I learned a while ago about an interesting place that $e$ shows up in probability: if there are $n$ items and you sample $n$ times with replacement, you would expect that the fraction of samples that is drawn is $1 - e^{-1} ≈ 0.63$, and the fraction of samples that never gets drawn is $e^{-1} ≈ 0.37$ (assuming sufficiently large $n$).
This comes up in the context of "bagging" in machine learning. A "bagged" model does not train on all $n$ data points, but trains on $n$ samples drawn randomly with replacement. If there are 100 samples, about 63 will be drawn on average (i.e. many of them will be drawn more than once while 37 are neglected).
I wanted to derive this using a random variable. I started with a random variable $X$ which represents the number of samples that are drawn at least once. The goal is to compute $E[X]$.
$$E[X]$$ $$\sum_{x=1}^{n}x * p_{X}(x)$$ $$\sum_{x=1}^{n}x * \frac{{n \choose x} {n - x + x - 1 \choose x - 1}}{{n + n - 1 \choose n}}$$
The term $n \choose x$ is from choosing the precise samples that will be drawn from.
The term $n - x + x - 1 \choose x - 1$ is from the following: We have exactly $x$ samples that we are considering drawing from. We allot the minimum number of draws so that we can guarantee each sample has 1 draw. This means there are $(n - x)$ remaining samples to allot into the $x$ buckets. We use the stars and bars technique to take $n-x$ indistinct draws with replacement from $x$ samples to obtain the binomial coefficient expression.

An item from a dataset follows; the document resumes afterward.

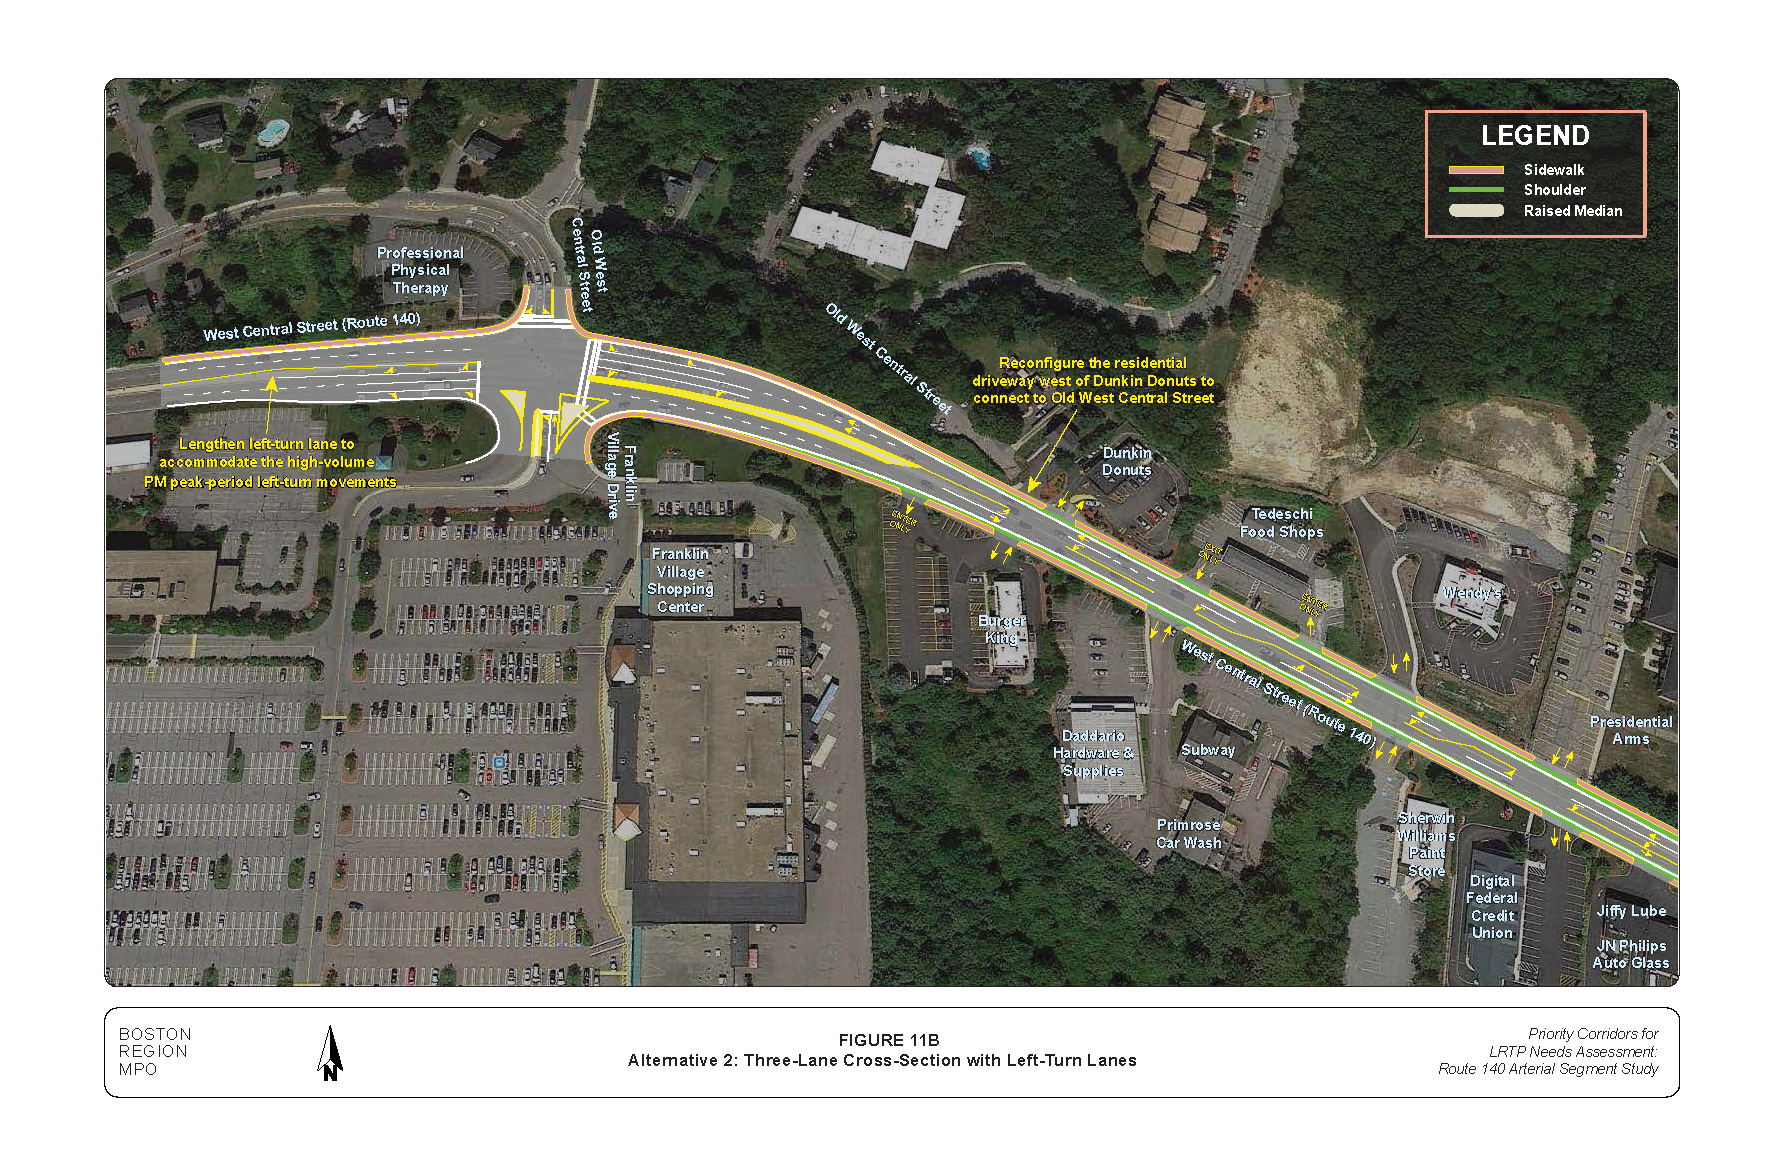 FIGURE 11B: Alternative 2: Three-Lane Cross-Section with Left-Turn Lanes. Aerial-view map that illustrates MPO staff “Improvement Alternative 2,” which recommends reconfiguring West Central Street into a three-lane cross-section with left-turn lanes.

The term $n + n - 1 \choose n$ counts all the ways you can take $n$ indistinct draws with replacement from $n$ samples.
When I compute this for reasonably sized $n$, I do not get $63\%$ of samples that have been drawn, but instead I get closer to $50\%$. Here is some Python:
>>> from math import comb
>>> n = 100
>>> sum(x * comb(n, x) * comb(n - 1, x - 1) for x in range(1, n + 1)) / comb(n + n - 1, n)
50.25125628140704
I know I am using a valid distribution because I can sum just the probabilities: $\sum_{x=1}^{n}\frac{{n \choose x} {n - x + x - 1 \choose x - 1}}{{n + n - 1 \choose n}} = 1.0$
>>> sum(comb(n, x) * comb(n - 1, x - 1) for x in range(1, n + 1)) / comb(n + n - 1, n)
1.0
I have two questions:
- My expression must be wrong to model this problem. How would I have to change my expression to make $E[X] / n = 1 - e^{-1} ≈ 0.63$? I know there are alternative proofs for this fact, but I want to know why my proof is failing.
- Even if my random variable $X$ is not the correct one to model this problem, I am curious if there is some standard distribution it corresponds to? $X \sim Mystery(n); p_{X}(x) = \frac{{n \choose x} {n - x + x - 1 \choose x - 1}}{{n + n - 1 \choose n}}$